With most good companies you will get some times where there's a lot of work and stress, but then times when it's relatively lax and easy going, with most of the time being in-between. The problems come when every single week is crunch time and that's the sign of a bad company.

Comment Re:correction (Score 1) 197

I see people who do O(n^3) problems quite a lot. They don't necessarily intend that, but there's an O(n) library function that gets called in a loop, and that gets called in a loop, and the programmer never gets around to figuring out why things are so slow. I have seen some people realize why it's slow, but they refuse to fix it because they refuse to write a routine if a library routine does the same thing (I've seen someone argue vehemently that STL's maps were proven to be the most efficient they could ever be, as if I were speaking heresy when suggesting alternatives).

Comment Re:Ivy League = theroy loaded classes with skill g (Score 1) 197

Some people want to box things up into compartments. Sure it's useful to know Roman History, but that's for other people they think. So they learned Java and know nothing else but that, and leave the repeating history thing to politicians. They leave the theory to the mysterious people who write Java frameworks and runtime (possibly they're wizards), they leave the optimization of their programs to the customer who's job it is to buy a faster computer every year.

This isn't just about preparing someone to be a leader; plenty of people are happy being followers. However people do need to be prepared to know when a leader is worth following, ability to point out when a leader is wrong, whether that leader is the POTUS or a CEO or a manager.

Comment Re:Ivy League = theroy loaded classes with skill g (Score 1) 197

Disagree. This theory is MORE important than the particular skills. Because that fad language you learn today may be ignored in 5 years, or 10, or 20. But the theory still works. We have hundreds of thousands of code monkeys who write crappy code but very few who write good code. There is no CS class I've taken that has turned out to be pointless; and I took every one of them except databases and VLSI (and those two are useful also).

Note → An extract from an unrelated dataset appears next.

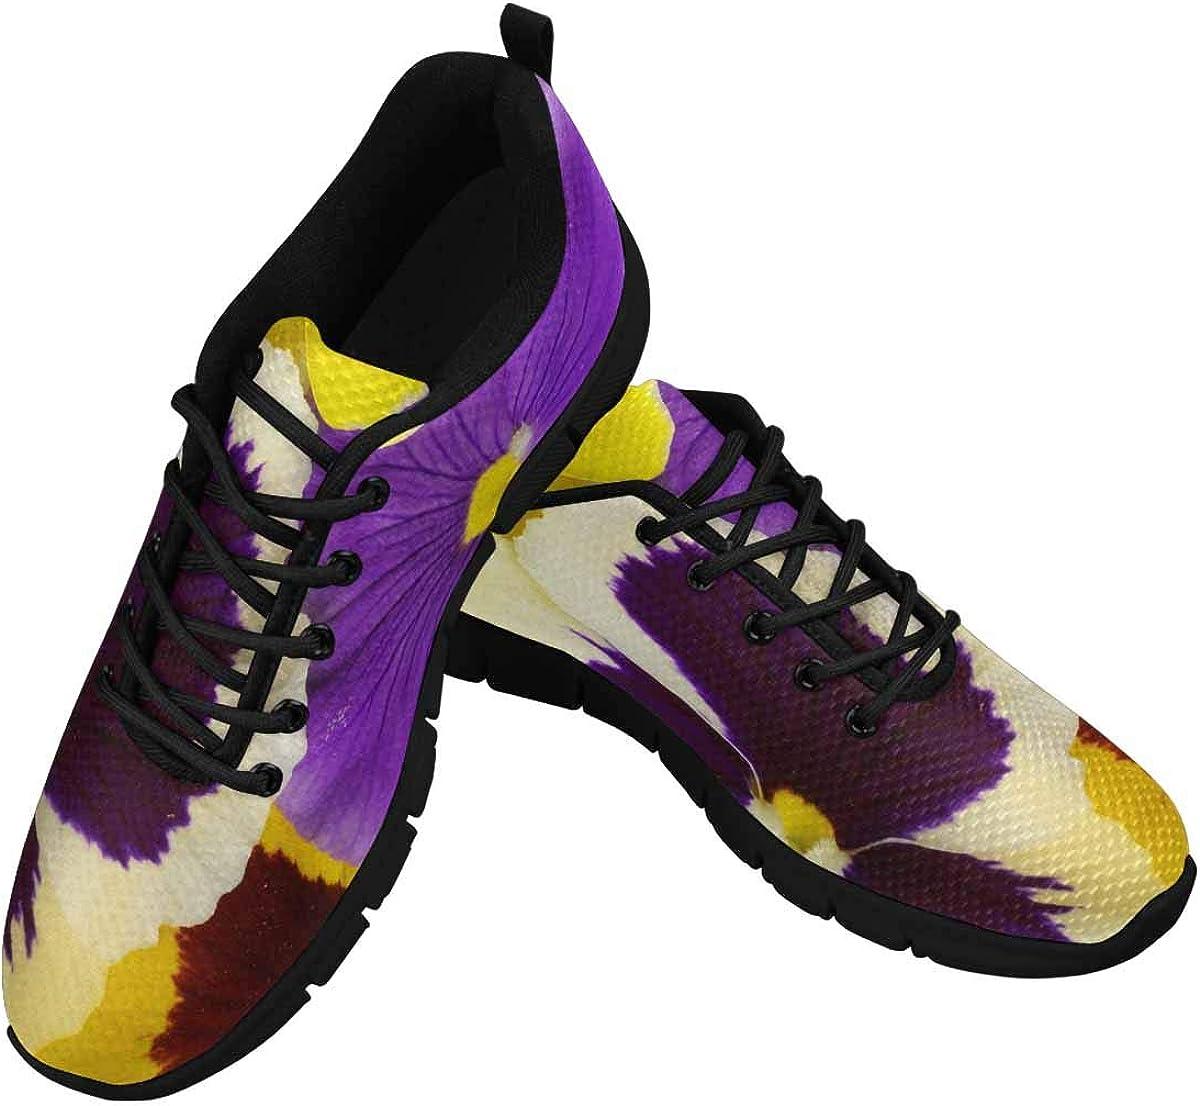 INTERESTPRINT Purple Yellow Flowers Women's Athletic Walking Running Sneakers Comfortable Lightweight Shoes

Even if some class is pointless as far as skills; the whole point of university is to LEARN and those classes are good at teaching you to learn and forcing your to think. Whereas learning how to use some new framework or language teaches you very little. Teaching you to do a job is not the point of a university education. You can go to a trade school for that, learn how to program at the junior college in half the time. The university is training people for life, for adaptability and versatility, to make someone well rounded instead of just a code monkey.

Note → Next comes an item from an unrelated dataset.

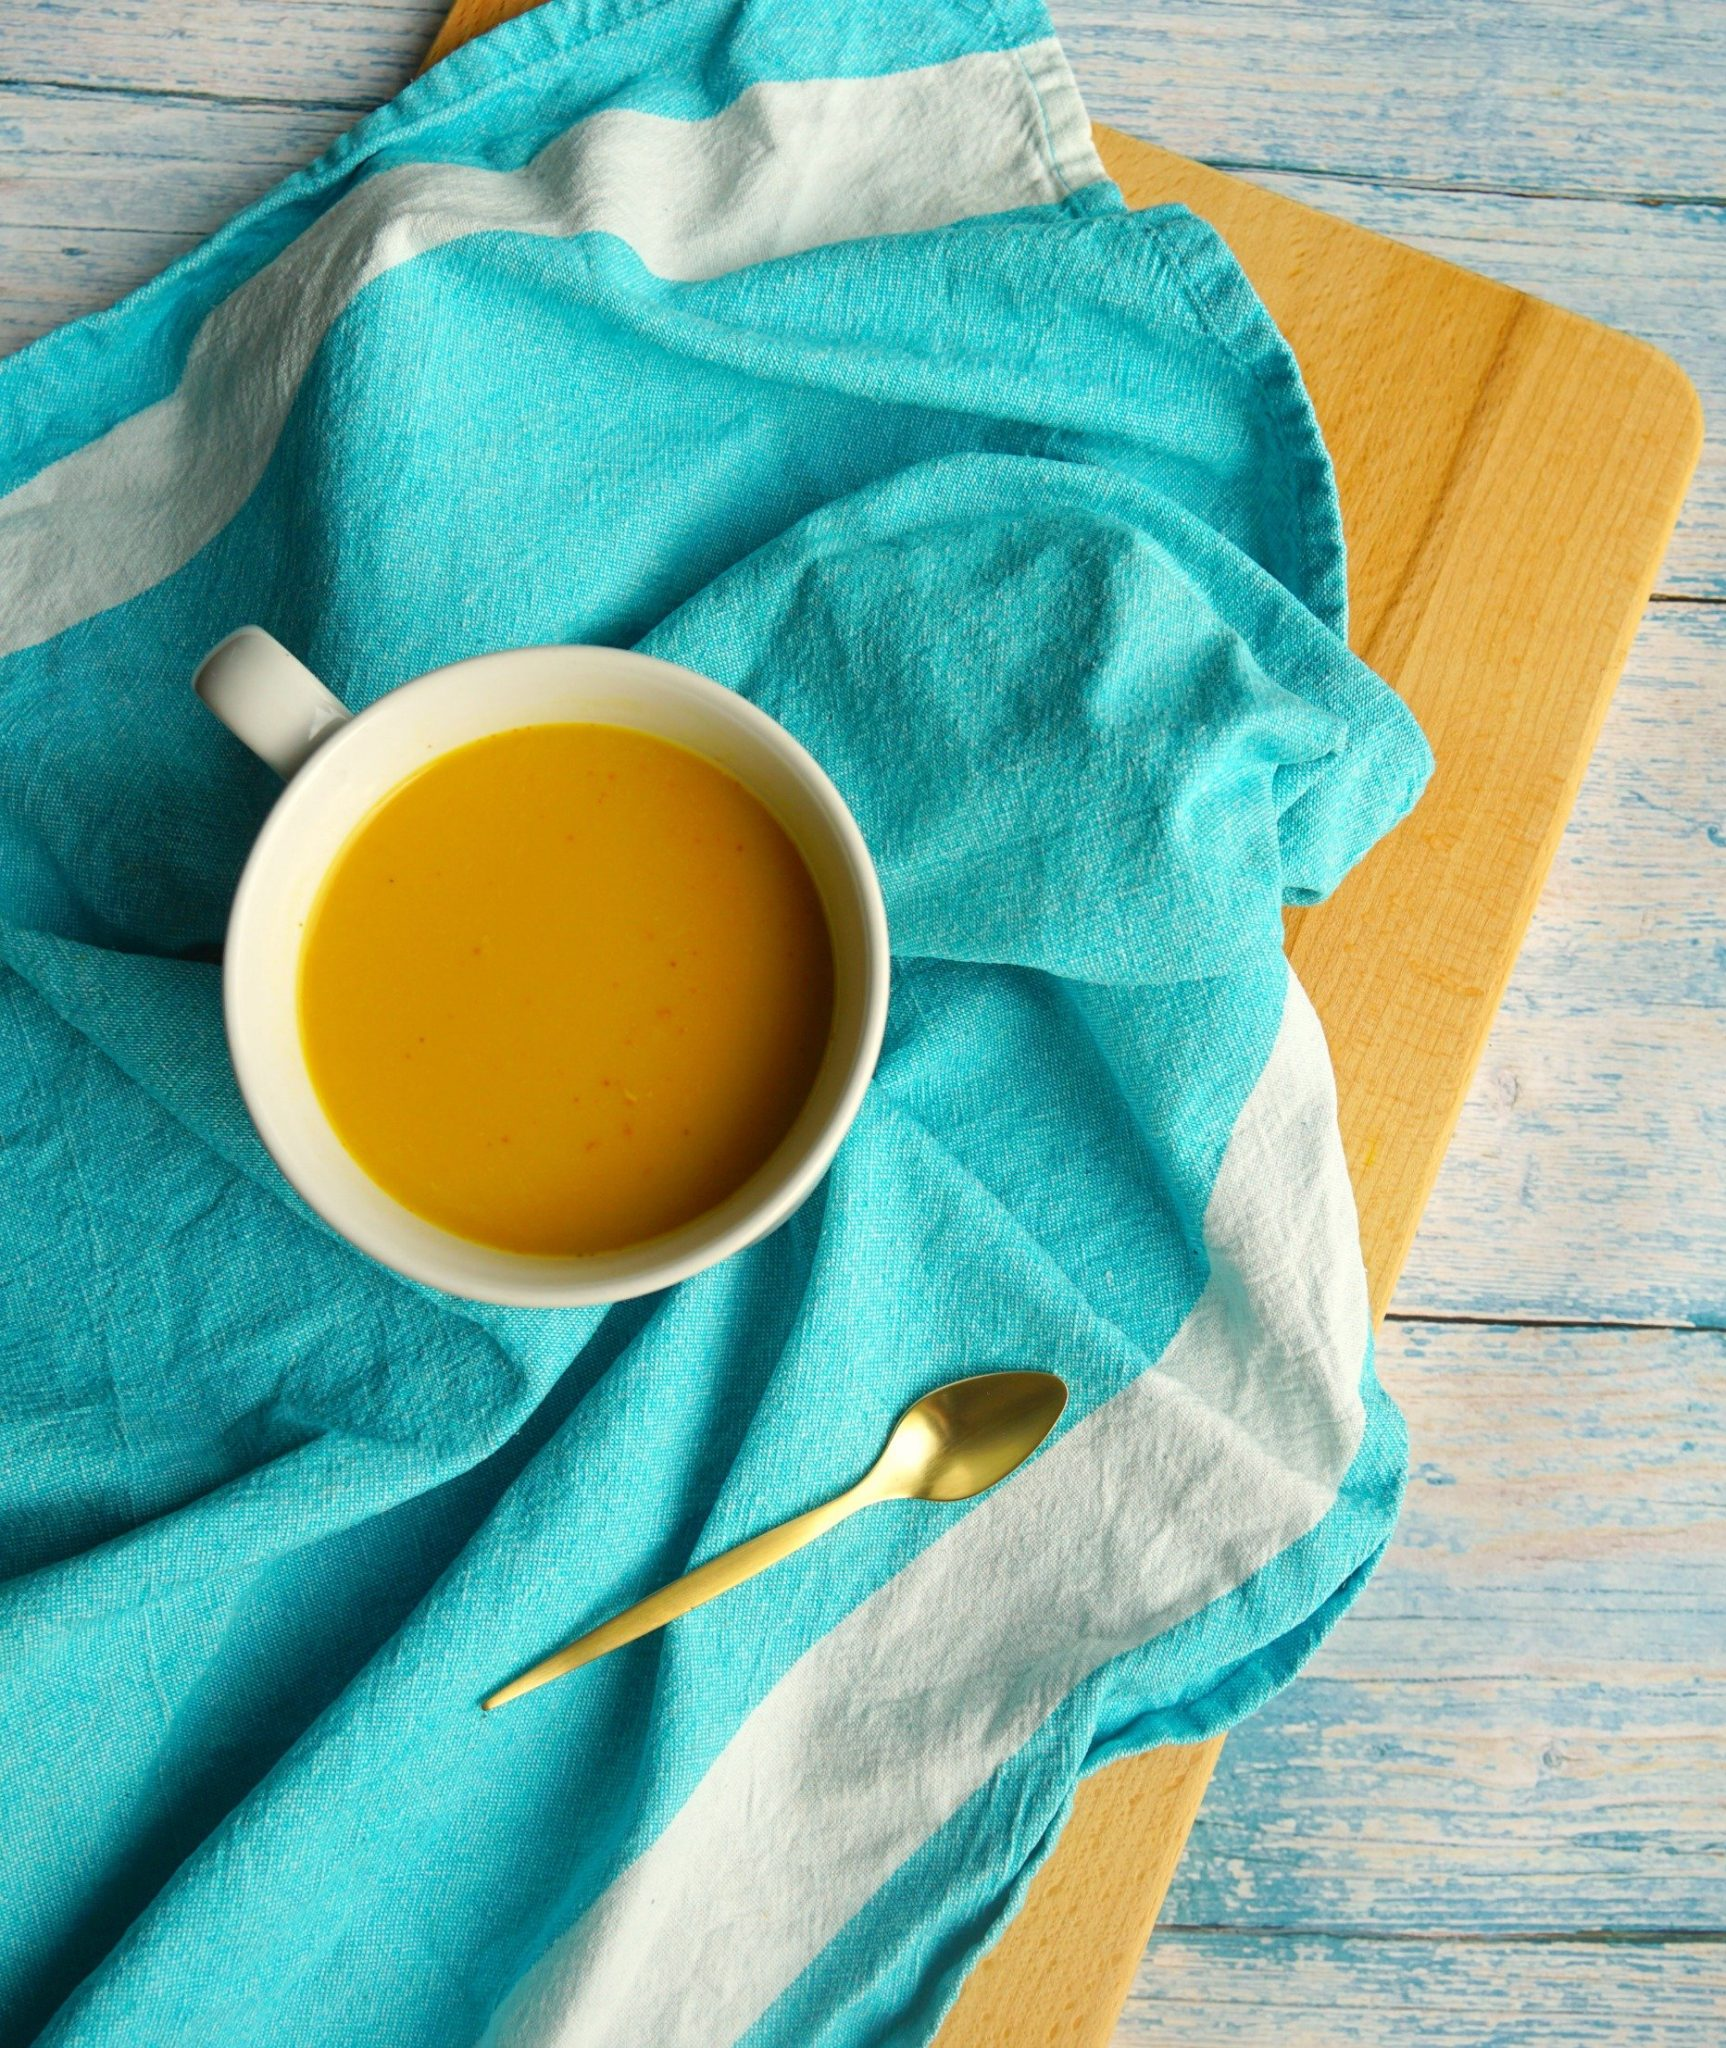 Turmeric Latte aka Golden Milk recipe

Attempting to learn the minimum necessary is the same as attempting to be ignorant.

Comment Re:one simple question (Score 1) 417

As the earlier story had posters indicate, there are valid reasons for doing this. A root CA is not always about spying. It is likely part of some proxy software they had or some other application. Of course the IT people didn't know about it, this is just a small school where the IT people are installing external software without running it through a lengthy investigation first.

Comment Re:If I were him (Score 1) 182

I overcame cancer by keeping the dream alive that one day I would win an olympic gold medal in a sport you've never heard of, in a city I've never heard of. When that dream failed to come true (apparently you need athletic talent) I invented bitcoin instead and used my dentist's name on the paper.

Comment Re:I loathe PowerPoint because... (Score 1) 181

Often the audience gets the slides to read on their own later, as reference. The audience should, in a good presentation, be listening and not reading. I have put up a big list of status codes which I didn't expect everyone to read right there, but I knew that people were going to ask "where can I get a list of these?" (which they actually asked about 2 sides earlier). Elsewhere it was about one slide per new feature, some were a bit complicated but all explained if anyone was listening, but if they weren't listening all the information was there to look at later.